VENERDÌ 25 OTTOBRE 2019

Cosa ne viene da Sochi

Del miscione che gli arnesi stampati e videoriprodotti del colonialismo 2.0 ci rifilano,  confondendo in obnubilante simmetria rivolte contro il Potere e sommosse gestite dal Potere, da Libano e Iraq a Ecuador, Cile e Bolivia, parleremo nel prossimo articolo. Prima, ci interessa evidenziare con grande soddisfazione la rabbia da rettili pestati sulla coda con cui i media reagiscono agli esiti della soluzione (positiva, ma parziale, s’intende) che Putin, con il concorso obtorto collo di Erdogan, ha saputo imporre al branco di sbranatori della Siria. Media tra i quali riconosciamo il ruolo da mosca cocchiera al giornaletto anticomunista “il manifesto”. La vocina vernacolare del Governo Parallelo Usa (obamian-clintoniani, Intelligence, Pentagono, Wall Street, lobby talmudista), si è distinta per accanimento a stigmatizzare come imperialismo russo la difesa vincente della (quasi) integrità territoriale e della stessa sopravvivenza della Siria, aggredita e maciullata, e il ridimensionamento drastico degli appetiti degli aggressori (Turchia, illuministi coronati del Golfo, esportatori di diritti umani americani e israeliani).

Il grande lamento degli amici degli amici

Per questo pifferaio di carta, che è riuscito a trascinare nel baratro la colonna sperduta dei bambinelli di sinistra, l’esito del vertice di Sochi è una catastrofe planetaria.

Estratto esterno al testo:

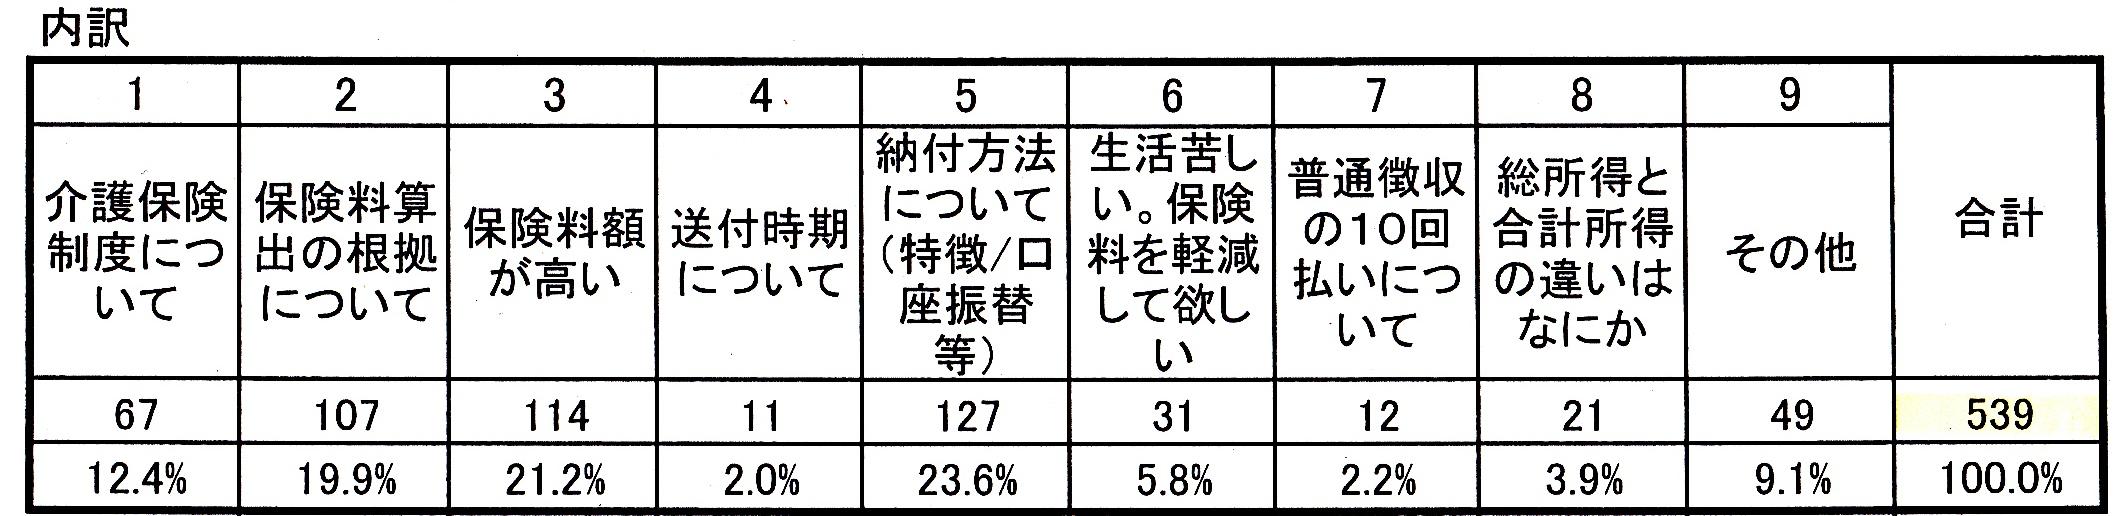 介護保険料値上げ問い合わせ.jpg

Catastrofe, ovviamente, per chi si riprometteva, come l’augusta fondatrice Rossanda ai tempi della Libia, uno Stato libero, sovrano, prospero ed equo cancellato dalla faccia della terra per mano di sicari tagliagole, scatenatigli contro dal meglio delle pluto-mafio-psicopatocrazie occidentali.

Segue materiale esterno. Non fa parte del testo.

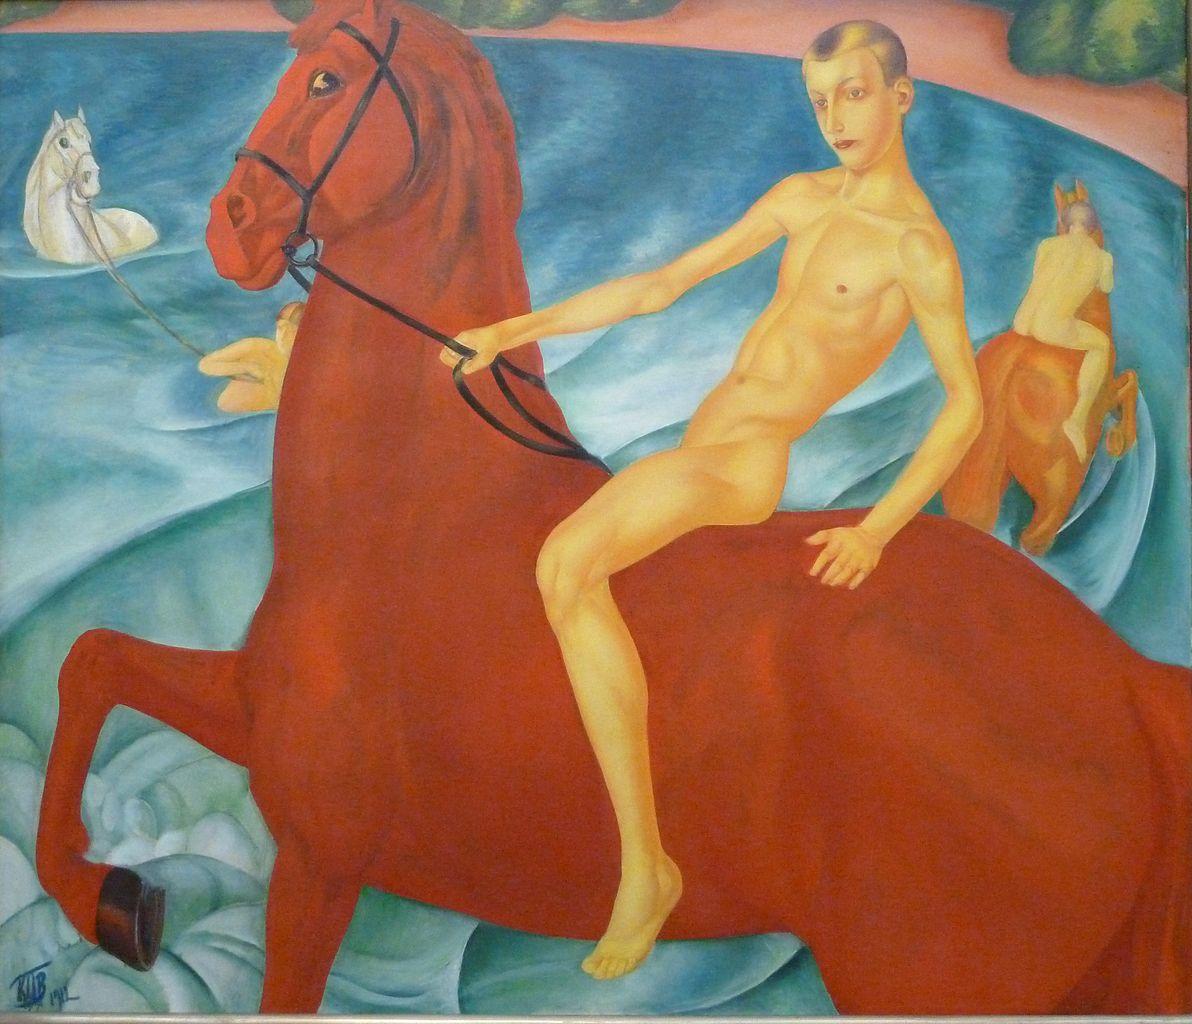 К. Петров-Водкин. Купание красного коня. 1912 г.

La tragedia, come rappresentata da questo portavoce dell’unipolarismo mediatico nell’era delle Grande Finzione, si articola in questi punti:

–       Il fallimento del progetto, formulato esplicitamente da Parigi anni fa, di costituire in un terzo della Siria, zona di ricchezze petrolifere e agricole, un mini-Israele curdo, assimilabile, in quanto “democratico, libertario, inclusivo, femminista ed ecologista”, all’ “Unica Democrazia del Medio Oriente” e con esso in combutta per frantumare la Siria. Il fallimento del progetto è completato dalla riduzione degli invasori e pulitori etnici curdi del Rojava alla zona di loro origine di Qamishli, nell’estremo Nord-Est della Siria, unica zona in cui vi è una maggioranza curda.

–       La sostituzione delle forze armate Usa e Nato – abusive poiché mai invitate – con le rispettive basi nell’area più ricca di risorse della Siria, dal confine turco a Raqqa, nel cuore del paese, con l’Esercito Arabo Siriano, forza armate del governo legittimo, sostenuto da unità russe, legittimate dall’invito di Damasco.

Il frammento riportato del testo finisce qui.